Comment by 3eb7988a1663
9 days ago
While I am sure a huge portion of valuable work will be lost, I am smirking thinking of management making a call, "So, if there is any shadow IT who has been running mirror databases of valuable infrastructure, we would have a no questions asked policy on sharing that right now".
I know that I have had to keep informal copies of valuable systems because the real source of truth is continually patched,offline,churn,whatever.
Reminds me when Toy Story 2 was deleted and they found the backups on an artist's laptop that was working from home.
>artist
technically, it was the supervising technical director.
The only reason this happened (I don't think "working from home" was very common in 1999) was because she just had a baby!

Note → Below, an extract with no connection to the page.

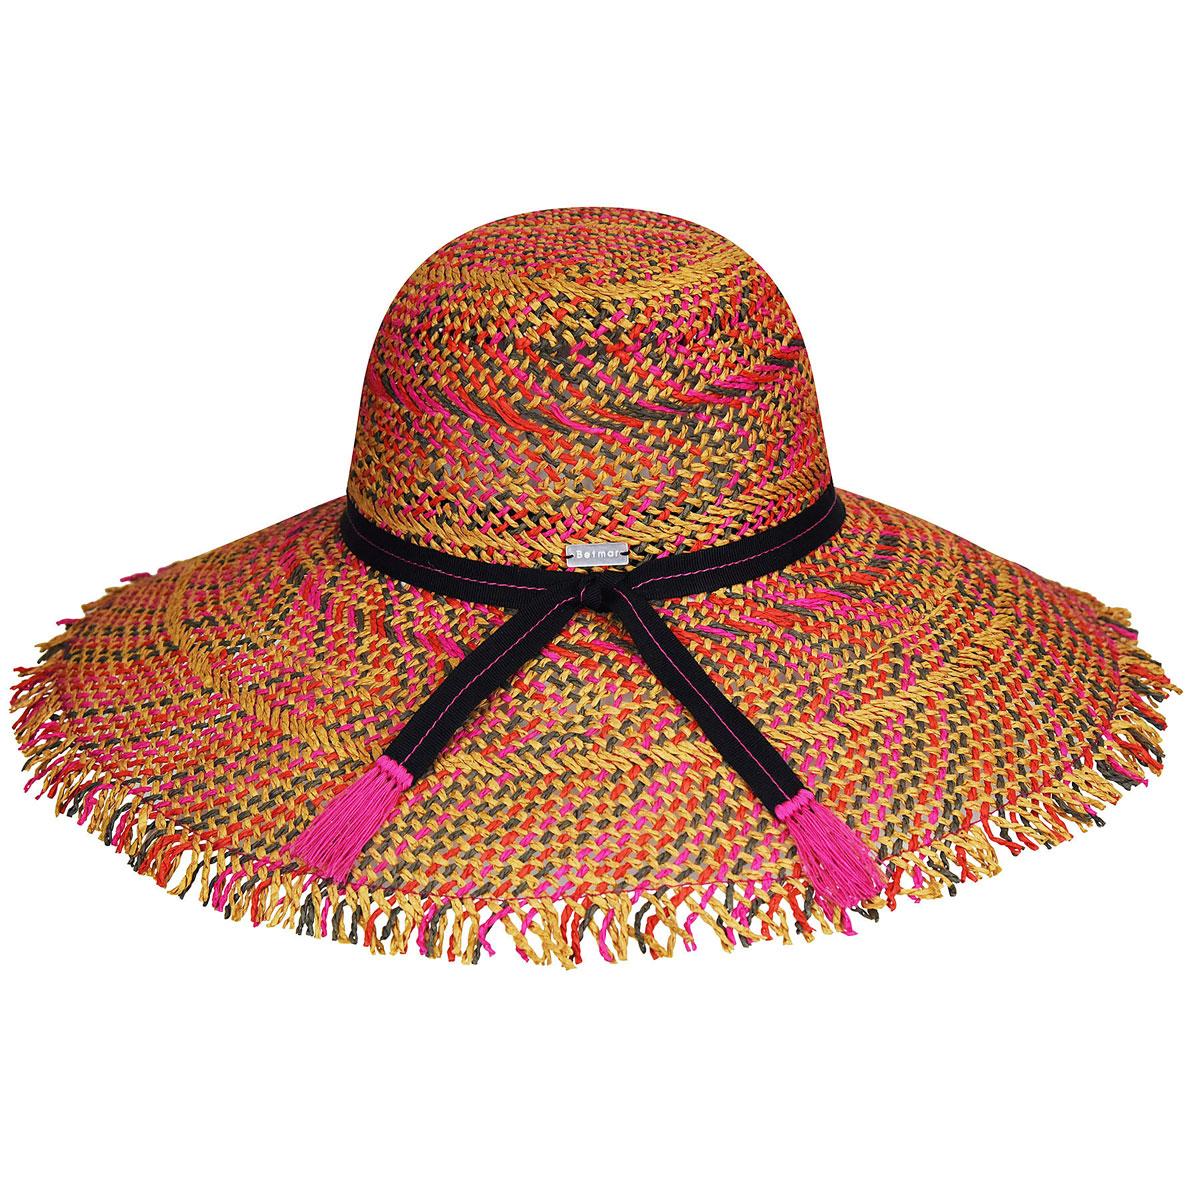 Betmar Tulum Wide Brim Hat in Multi

I love this story because it feels like good karma – management providing special accommodations for a new mom saves the show.

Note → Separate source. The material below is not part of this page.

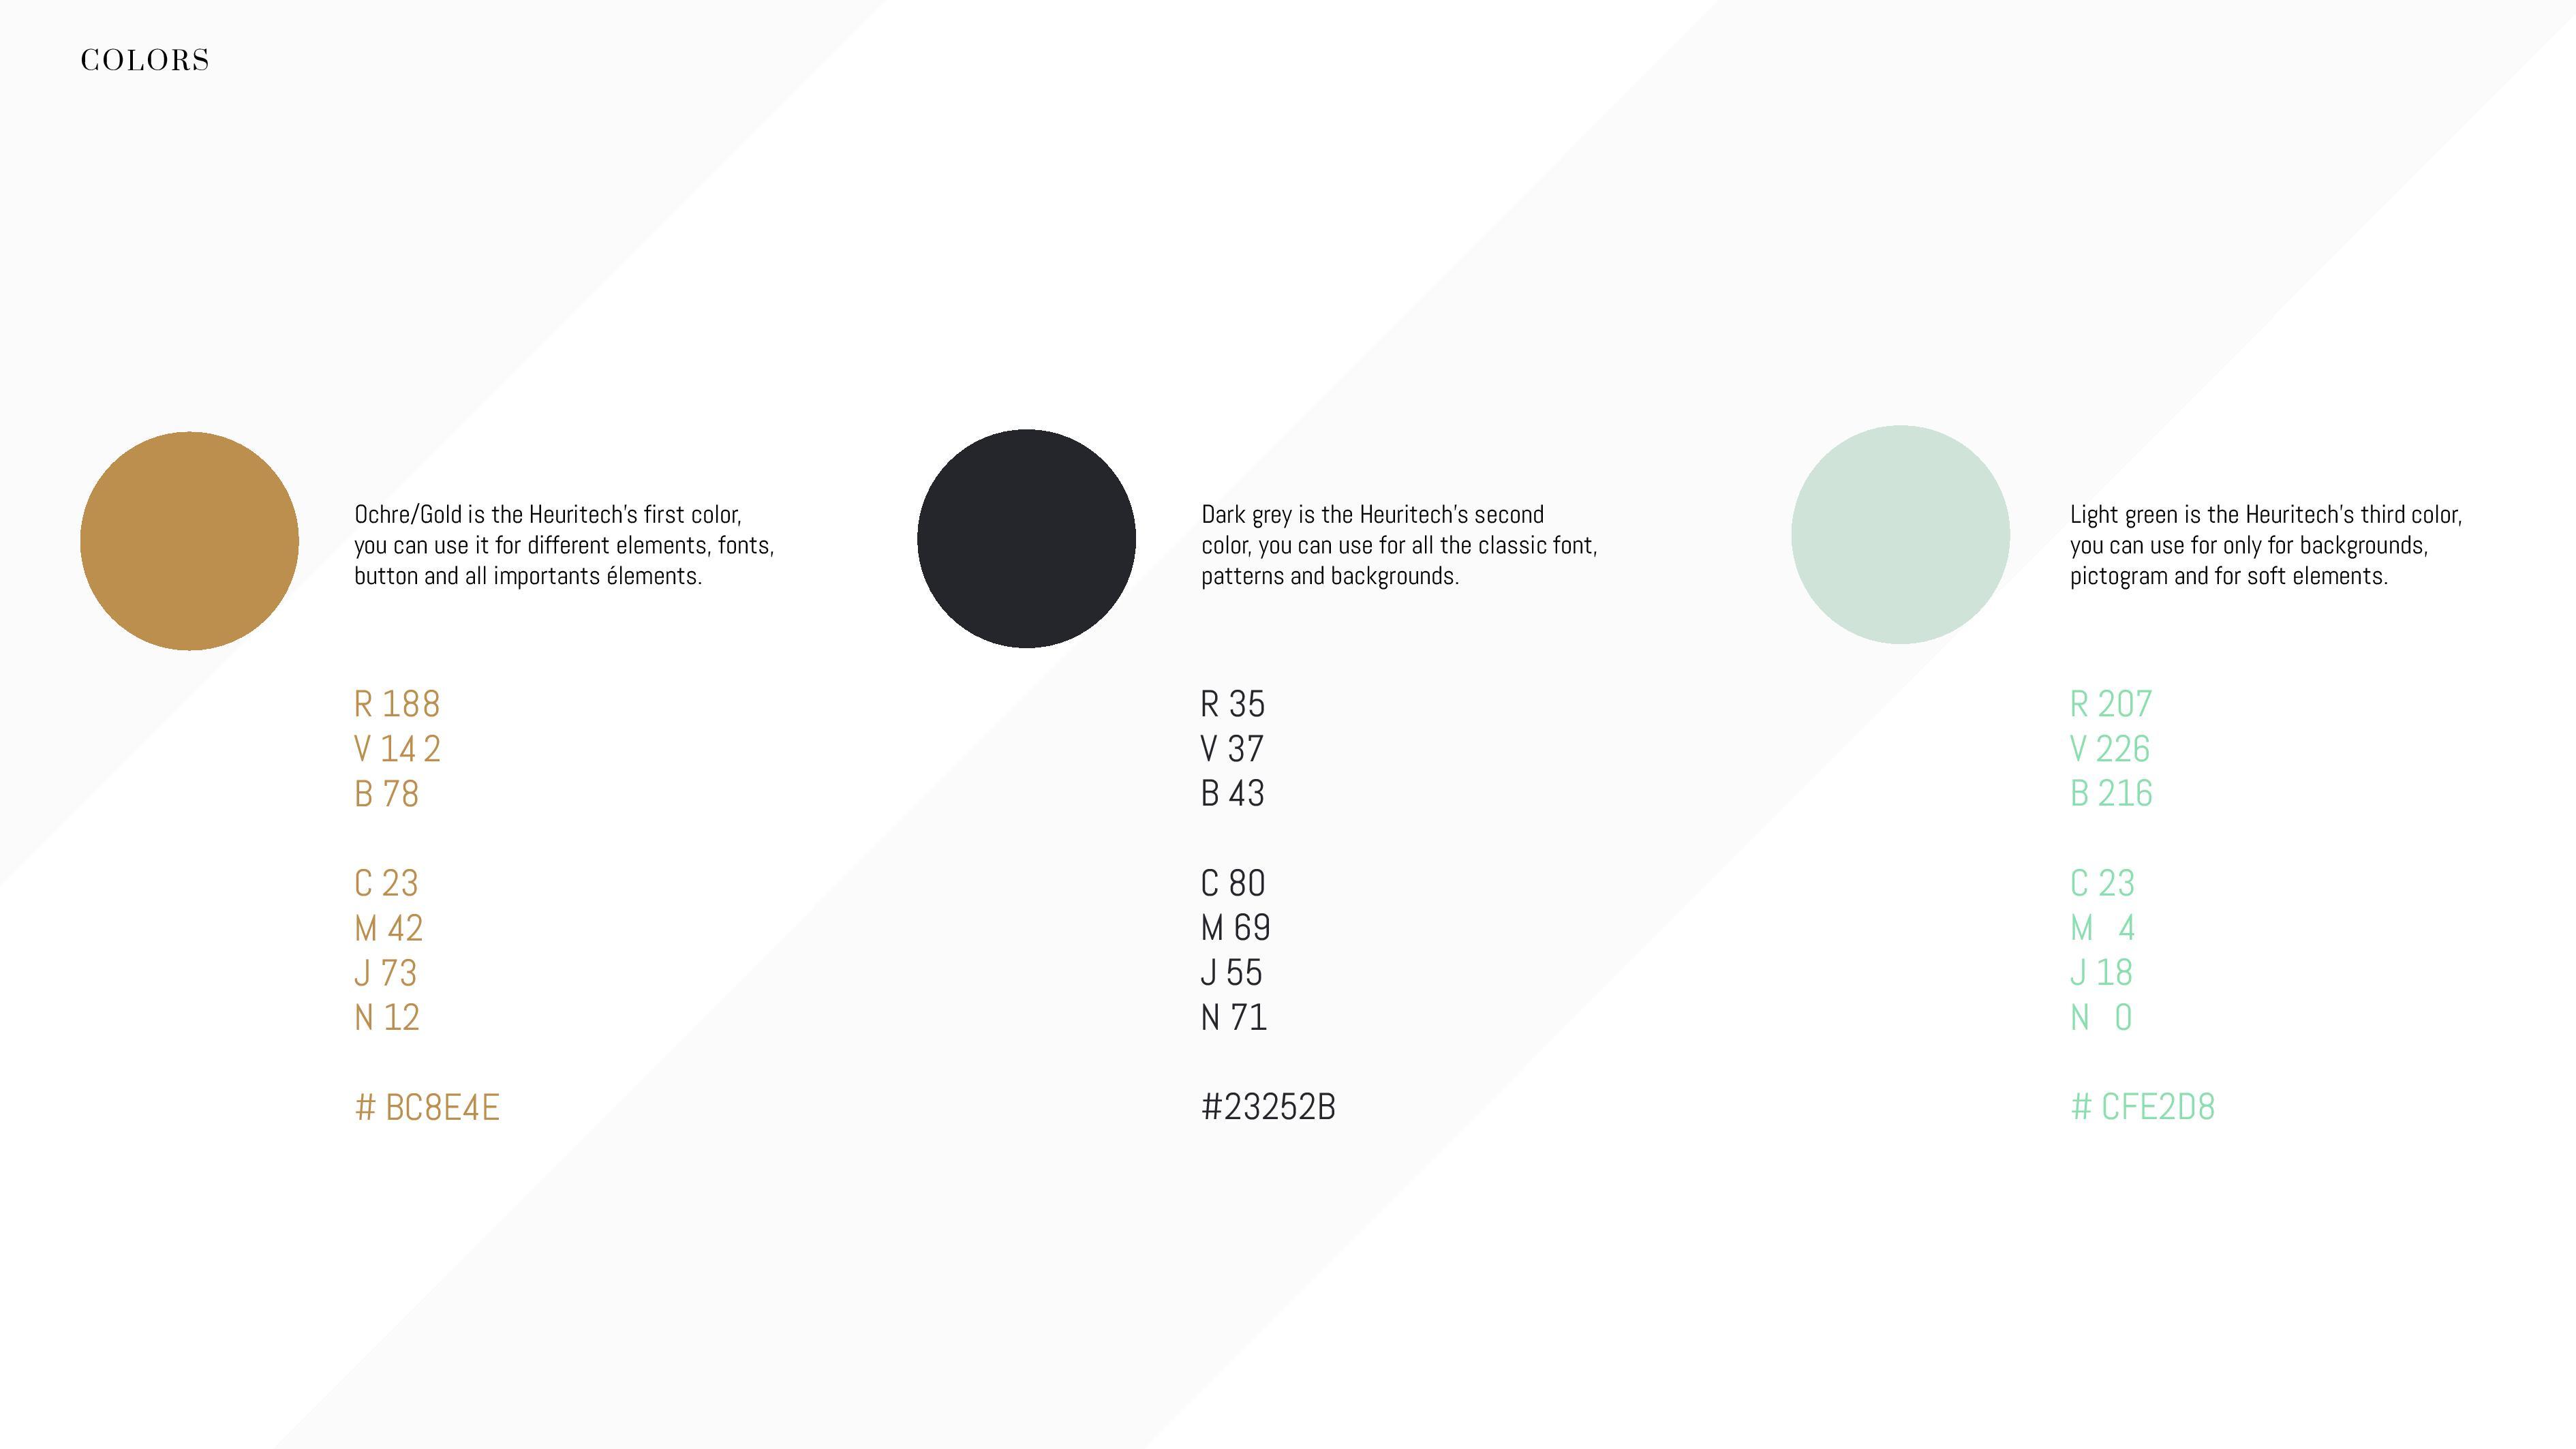 Brandbook-heuritech-NI-public-page-006

It was on their SGI workstation that they lugged to home, but yeah, pretty much that's how they recovered most of the files. At the end they barely used the material.
If SK is anything similar to Germany or Japan in how they are digitizing their government processes, you'll probably be able to find paper printouts of all the data that was lost.
The fun part will be finding them, figuring out their relevance, and re-digitizing them in a useful form.
The extra fun will be if they can find multiple copies of unknown provenance. Who wins?
On the other hand, I hope a few boots on the ground get to use this as a chance to toss decades of bad technical debt. "Why are we still running that 2011 Oracle database version?".